Codependent, that's how veteran economist Stephen Roach described the China-US economic relationship. In a panel discussion over the weekend, Roach pointed out several key factors influencing the future of the trade dispute and one highlight was the imbalance in savings.
PROFESSOR STEPHEN S. ROACH YALE SCHOOL OF MANAGEMENT "China saves too much and the US saves too little, which gives rise to big bilateral trading imbalances between the two nations."
Roach admits that there are concerns surrounding Chinese investment in America, especially given the recent legislation enacted by Congress to tighten the oversight of foreign investment.
PROFESSOR STEPHEN S. ROACH YALE SCHOOL OF MANAGEMENT "Just like the US wants freer access to ownership in its investment in China, the US would have to compromise the recent tightening- up over restrictions on Chinese capital."
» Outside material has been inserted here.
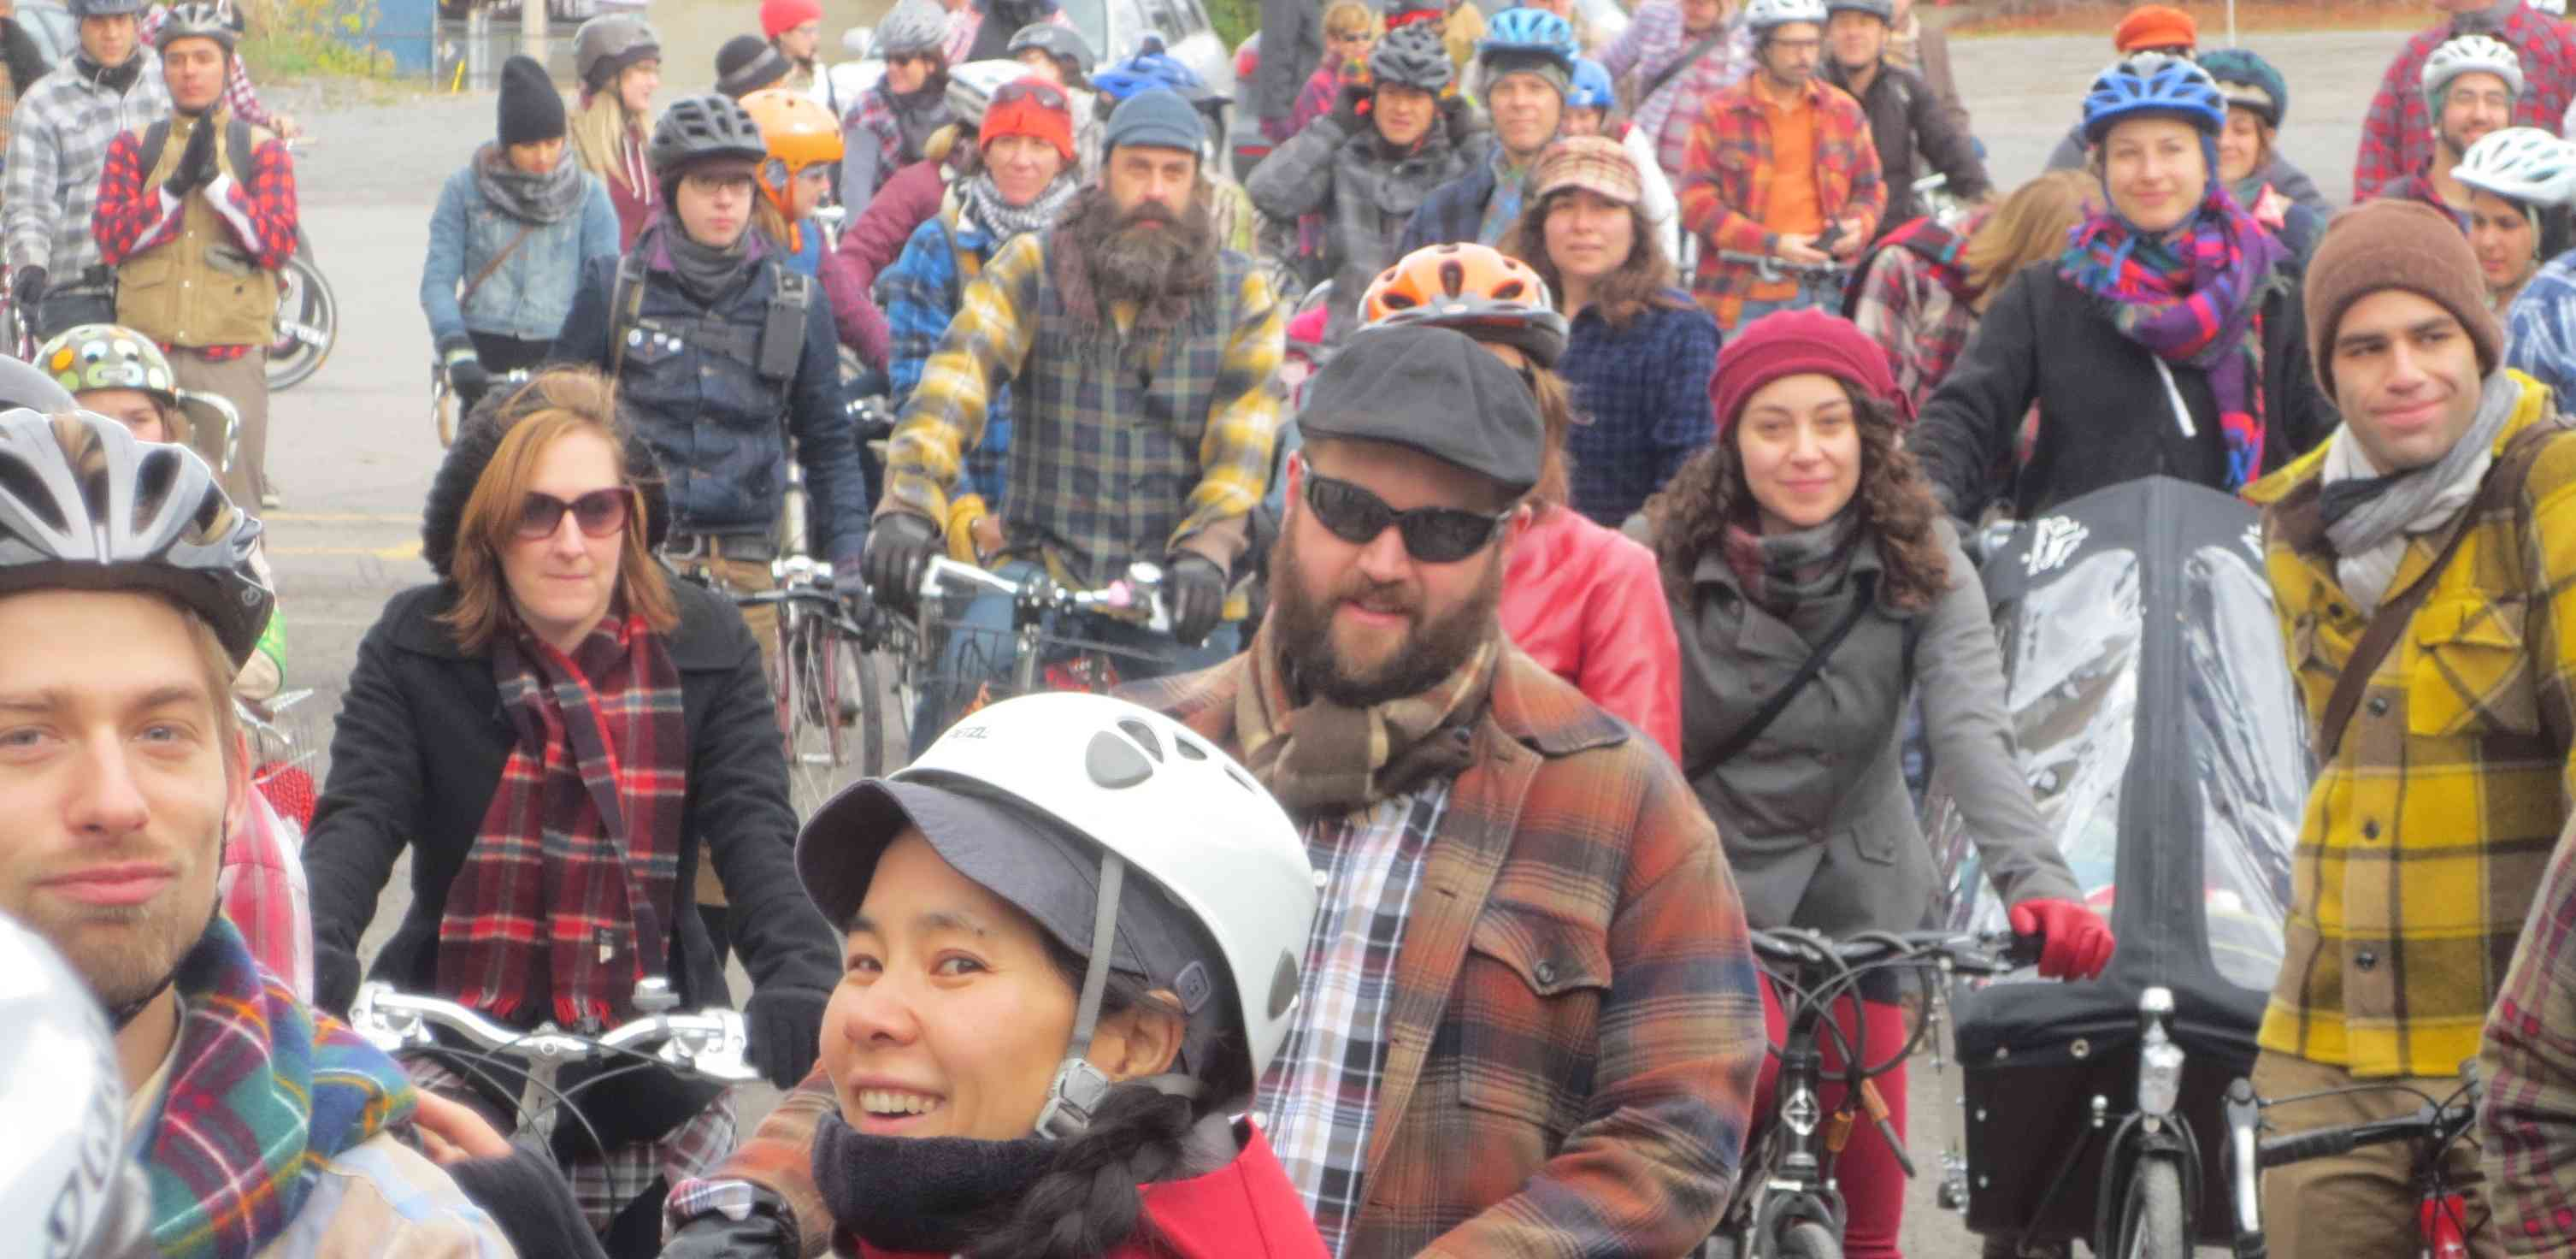 2013 10 27 Ottawa Plaid Parade – Hans Moor 20

A Chinese Commerce Ministry spokesperson said on Thursday that China would welcome any US trade delegation to visit the country and is keeping an 'open attitude' to visiting the US.
On Friday night, China announced the suspension of 3-month tariffs on US-made vehicles and auto parts. This was done to carry out the consensus reached by the two sides' leaders at the G20 Summit.
Uncertainties still remain for the future of China-US trade relations. But at least experts here reached a consensus that both sides are now more open to further dialogue on this matter. WMZ, CGTN, BEIJING.